From Iceland — A Platform For Marginalised Women In Film

A Platform For Marginalised Women In Film

A Platform For Marginalised Women In Film

Published May 5, 2022

Photo by
Joana Fontinha

It’s 2022, yet, it’s predominantly white cishet men who make movies about marginalised women. “Things need to change,” says Sólrún Freyja Sen, the coordinator of the RVK Feminist Festival, which kicked off on May 5. In our conversation, Solrún speaks on the importance of giving a platform for the voices of underrepresented women, the festival’s goals, and tells us which movies you can’t miss at this year’s edition.

The idea behind the festival 

The RVK Feminist Festival started in 2020. Its third edition was initially scheduled for early January, but had to be postponed due to COVID-19 regulations in Iceland. With all restrictions taken down now, the festival is back on the table, though its programme had to change. “The festival focuses on giving women a platform to show their films; most importantly, marginalised women, e.g., women who are not cisgender, LGBTQ+ women, and women representing different races,” says Solrún, pointing out that among the issues the festival wants to highlight is domestic and sexual abuse, women in violent relationships, and homeless pregnant women.

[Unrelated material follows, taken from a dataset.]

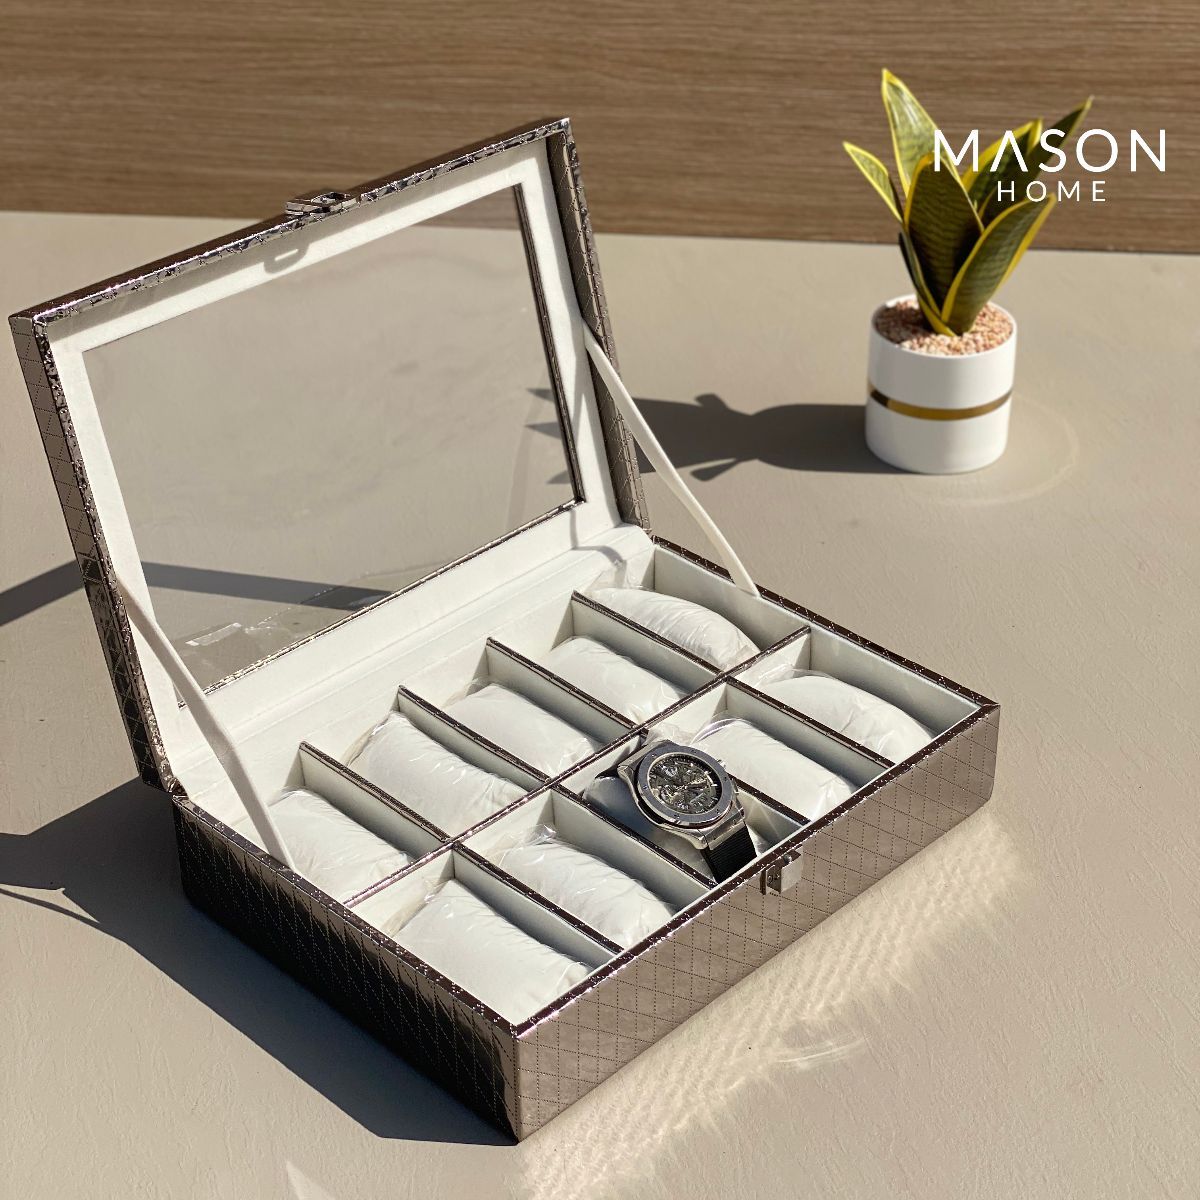 Buy hamilton watch box storage  Mason Home – Mason Home by Amarsons -  Lifestyle & Decor

“We want women and marginalised people to be able to make films about their reality.”

No such thing as a feminist paradise  

To an outsider like me, Iceland does look like a great place to be a woman. Is there a need for a festival specifically dedicated to female filmmakers? “I know a lot of feminists here are not happy about Iceland being perceived as a feminist paradise,” Sólrún points out. “Things are a lot better here than in many places, but we are still very far from an ideal feminist paradise. Women, and especially marginalised women, are underrepresented in the film industry. We want women and marginalised people to be able to make films about their reality.’’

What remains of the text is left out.